When multiple connections of the same integration type exist (e.g. two custom ETL, ADF, or Airflow connections with overlapping job names), add a tag naming the connection so Monte Carlo resolves the right one — mcd_resource_id (the connection's resource UUID) for custom ETL, mc_integration_name for ADF, airflow_env for Airflow.

Note: the mcd_resource_id resource UUID is assigned by Monte Carlo when the integration is registered — you won't have it until you've finished building the agent image, registering it, and adding the integration. It's only needed for disambiguation, so skip it until then (and omit it entirely if the job's source_id is unique across your connections).

Query tagging complements inputs/outputs: asset refs describe what the vendor API knows statically, while tags capture lineage from SQL the API can't see. Use both where appropriate.

Manifest format

{
  "connection_type": "custom-etl-connector-{7hex}",
  "connection_name": "coalesce",
  "asset_class": "etl",
  "terminology": { "group": "Workspace", "job": "Mapping", "task": "Step" },
  "credentials_schema": {},
  "icon_url": "https://example.com/vendor-icon.svg",
  "run_status_mapping": { "Succeeded": "success", "Failed": "failed" },
  "task_run_status_mapping": { "Done": "success", "Error": "error" }
}

The terminology field maps Monte Carlo's generic concepts (group, job, task) to the terms your orchestrator uses. The optional credentials_schema field enables server-side credential validation — see step 5b for details.

icon_url is optional — a publicly reachable image URL (SVG/PNG) used as the integration's icon in the Monte Carlo UI. The scaffold script prompts for it; it can also be added to manifest.json later (rebuild and redeploy the agent image for the change to take effect).

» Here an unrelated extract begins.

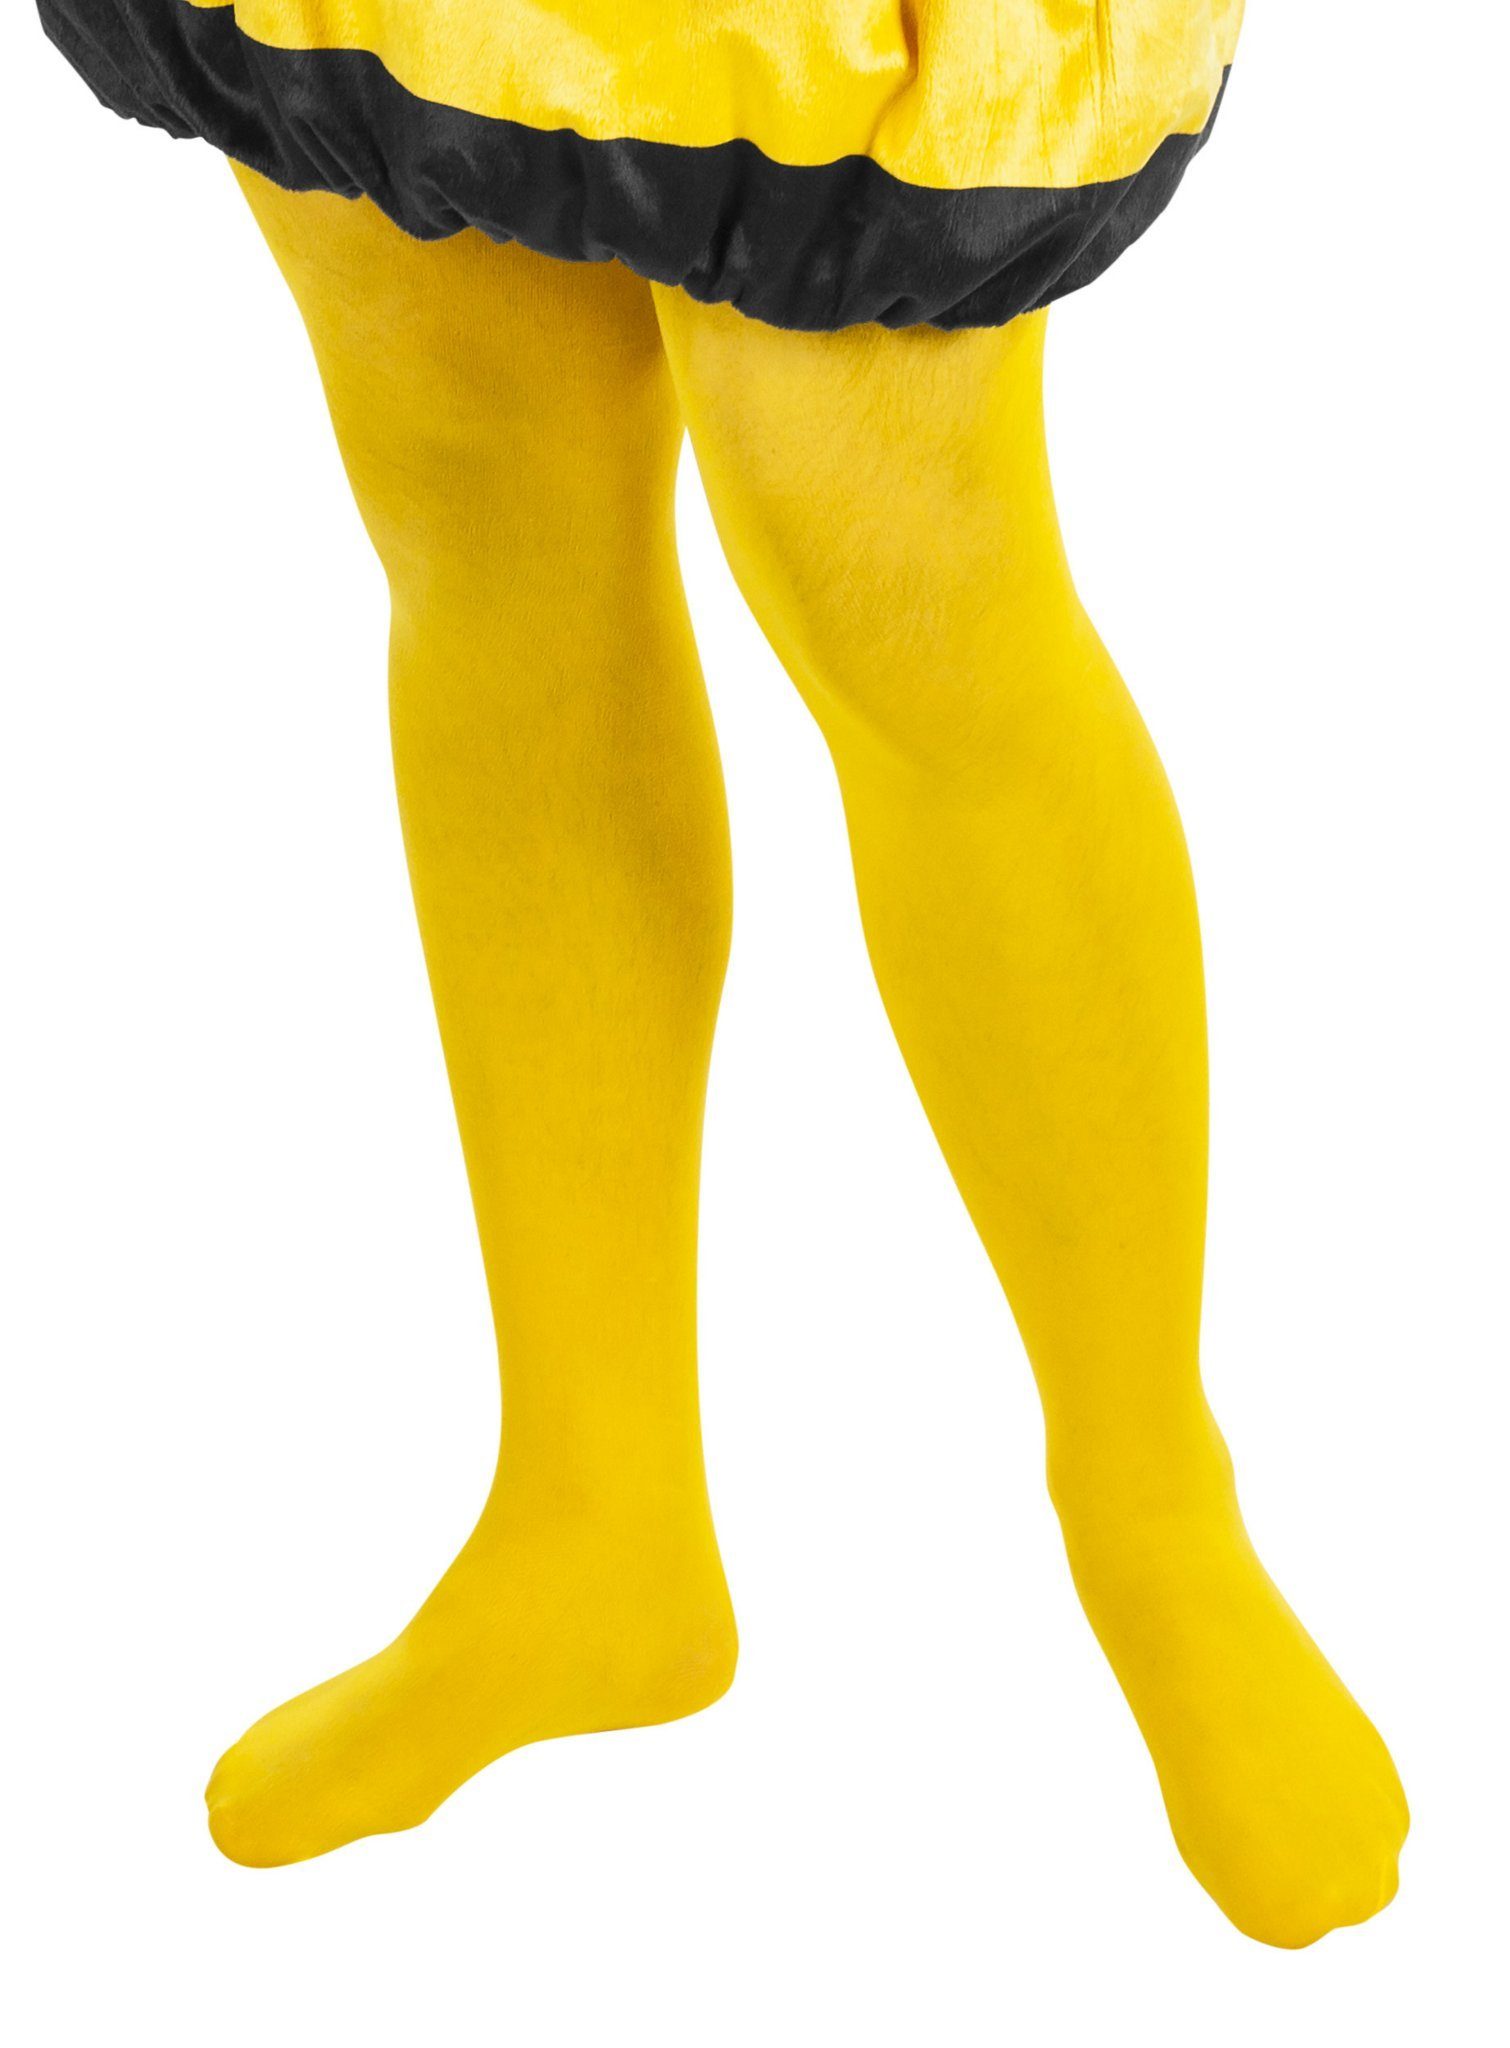 Maskworld Kostüm Biene Maja Strumpfhose, Gelbe Strumpfhose für Bienenbeine  - passt Maja und Willi gleichermaßen

By providing an image URL, you confirm you have the right to use and display this image in connection with Monte Carlo's services.

run_status_mapping is required. It maps vendor-native run status strings to Monte Carlo canonical statuses (e.g. success, failed, in_progress, queued). Keys are vendor-native status strings (case-insensitive matching at runtime). Values must be members of ETL_RUN_STATUS_VALUES from pycarlo. The scaffold stubs an empty run_status_mapping — populate it as you discover the vendor's status vocabulary during implementation. The test framework validates the mapping values and fails if any vendor statuses returned during testing are not covered by the mapping. task_run_status_mapping is optional — when absent, task runs use run_status_mapping as a fallback.

ETL test commands

# Connection test
CONNECTOR=<name> docker compose run --rm test -m etl_connection

# Metadata test — validates fetch_metadata returns well-formed dicts
CONNECTOR=<name> docker compose run --rm test -m etl_metadata

# Run details test — validates fetch_run_details returns well-formed dicts
CONNECTOR=<name> docker compose run --rm test -m etl_run_details

Each test group also runs capability tests that check for optional features (groups, tasks, lineage, schedule, error details, etc.). Features that aren't present in the returned data show as xfail rather than failures. After the tests finish, a summary table prints which features your connector implements:

=================== ETL Capability Summary -- coalesce ====================

  Metadata Features:
    Group (workspace/project) ............. YES
    Tasks (sub-job breakdown) ............. YES
    Inputs (static lineage) ...............  -
    ...

  8/17 optional features implemented
===========================================================================

Webhook-Triggered Run Collection

By default, Monte Carlo polls your ETL connector every 60 minutes, calling fetch_run_details in polling mode (with window_start/window_end bounding a ~60-minute window) to collect all recent runs. This catches failures within that window, but it means a failed run could take up to an hour to appear in Monte Carlo.

For faster failure detection, you can configure your ETL tool to POST to a webhook that triggers an immediate run collection. When you register the connection in Monte Carlo, you receive:

  • Webhook URL
  • Token ID and Token Key (for authentication)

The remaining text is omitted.